= Kirsten Abrahamson =

Canadian ceramic artist

Kirsten Lillian Abrahamson is a Canadian ceramic artist.

==Personal background==
She was born in Cleveland, Ohio, in 1960. She moved to Canada with her family at the beginning of her high school years and subsequently became a Canadian citizen. After completing high school, she moved to Calgary, Alberta, to study at the Alberta College of Art and Design where she earned Diplomas in Ceramics and Glassblowing. In 1984 and 1985, she attended the summer sessions in Ceramics at The Banff School of Fine Arts, Banff, Alberta. She then attended the University of Calgary from which she earned a Bachelor of Fine Arts (Ceramics) in 1987 and Master of Fine Arts (Sculpture) in 1990. Subsequently, she was an artist in residence at the Alberta College of Art and Design, and later at the Banff Centre. Her career evolved as an artist and as an instructor at post-secondary institutions.

==Body of work==
Abrahamson's work was influenced by a sojourn in Mexico in 1993, where she and a colleague experienced the Day of the Dead festival. Out of that experience, she and her colleague created a special exhibition entitled Revival shown at the Muttart Gallery. Subsequently, they had a second exhibition, Days of the Dead at The New Gallery in Calgary. Abrahamson portrayed the symbolism of this festival.

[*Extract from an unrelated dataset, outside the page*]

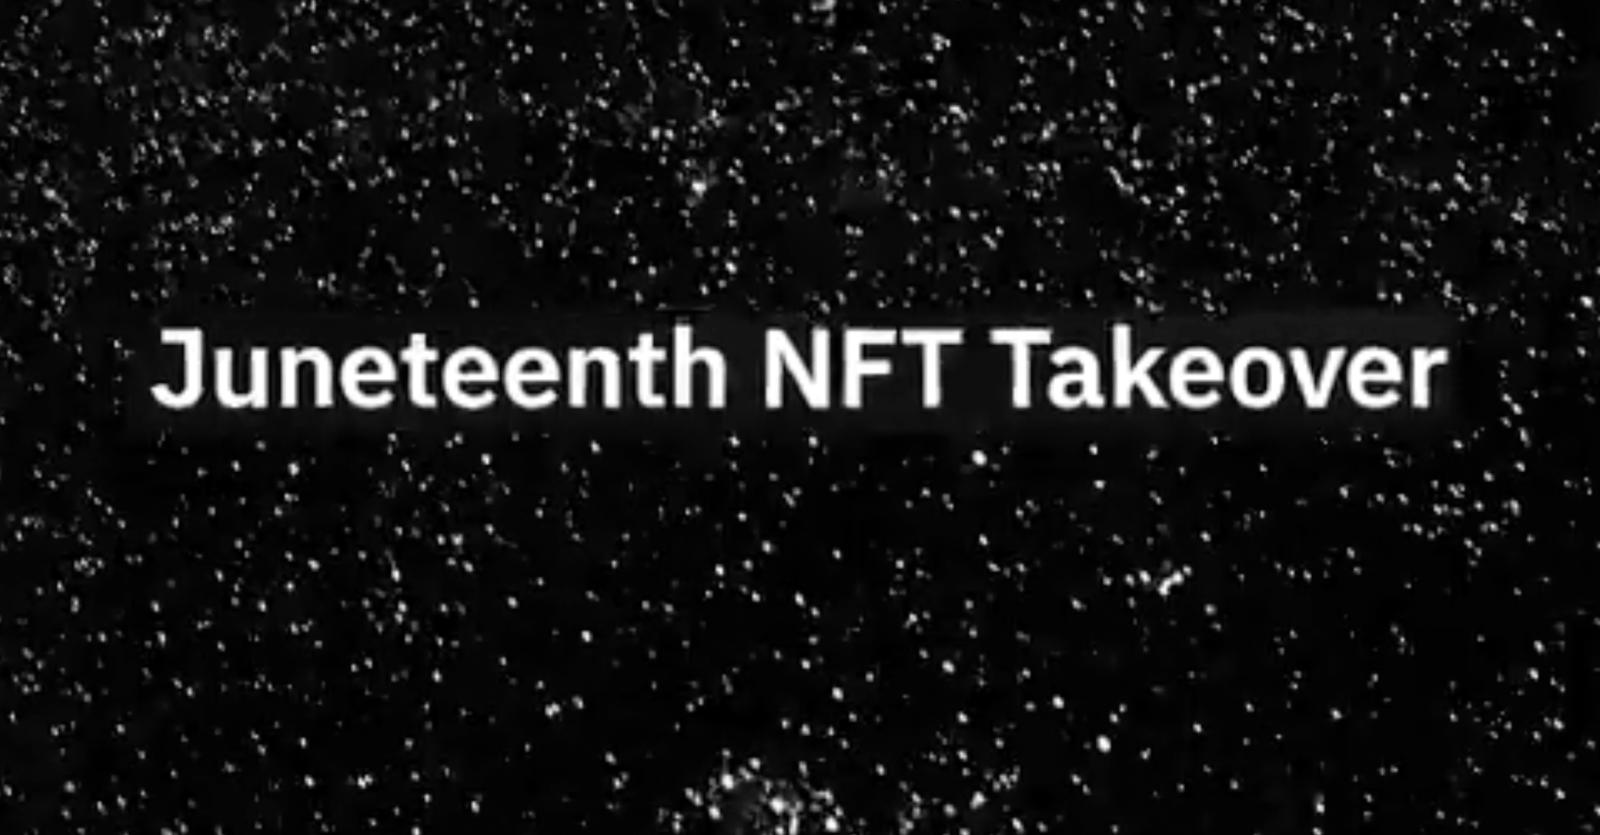 Juneteenth NFT Takeover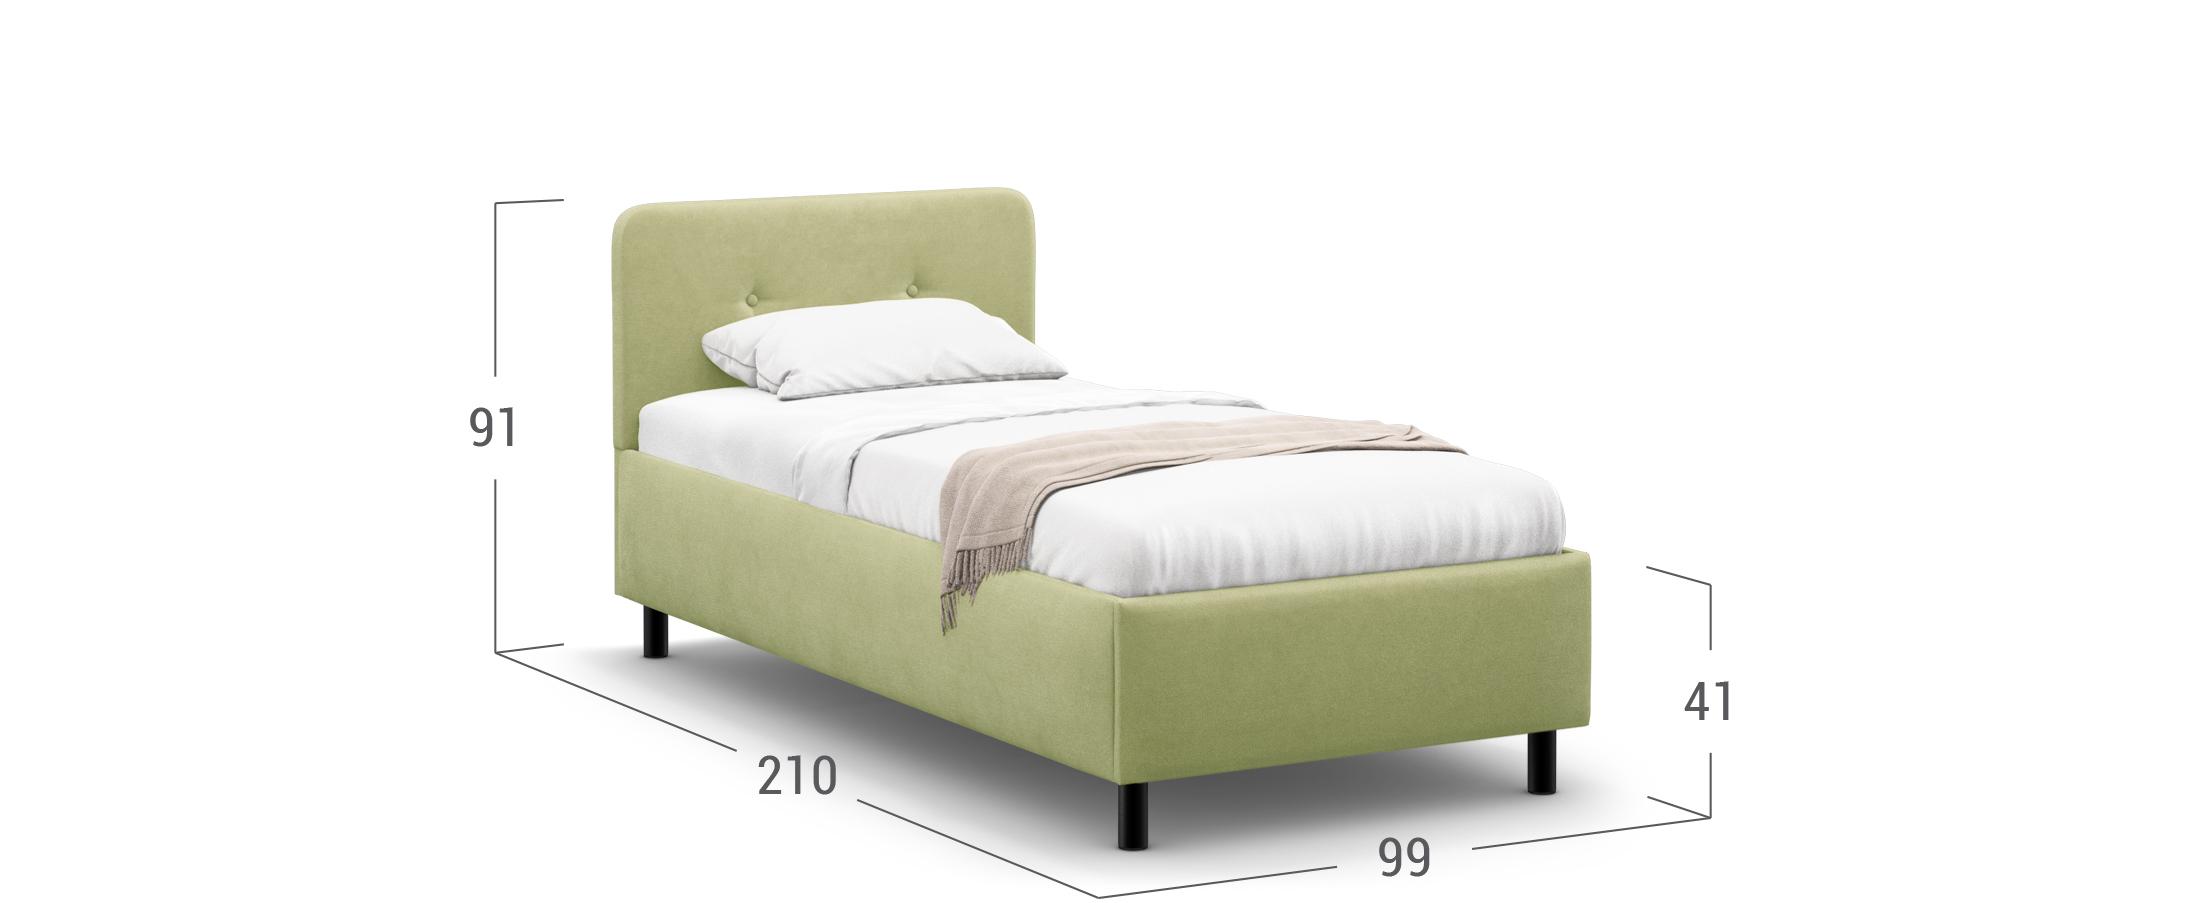 Кровать односпальная MOON FAMILY 1232 90х200

Through her extensive course of studies in ceramic art, Kirsten Abrahamson has both an understanding of ceramic traditions and the formal skills in ceramic arts developed from the 19th through to the 21st century. Her foremost work, Diary of a River, has been the subject of critical analysis.

That work was reviewed in a short book by Carol Podedworny. Podedworny observed that Abrahamson's work reflects the California Funk and Bay Area Ceramics traditions and that Abrahamson's "bold, satirical and colourful leanings are reflected in her narrative and figurative works that have a strong personal introspective penchant". The use of low-fire clay and glazes permit the construction of large objects and brighter colours.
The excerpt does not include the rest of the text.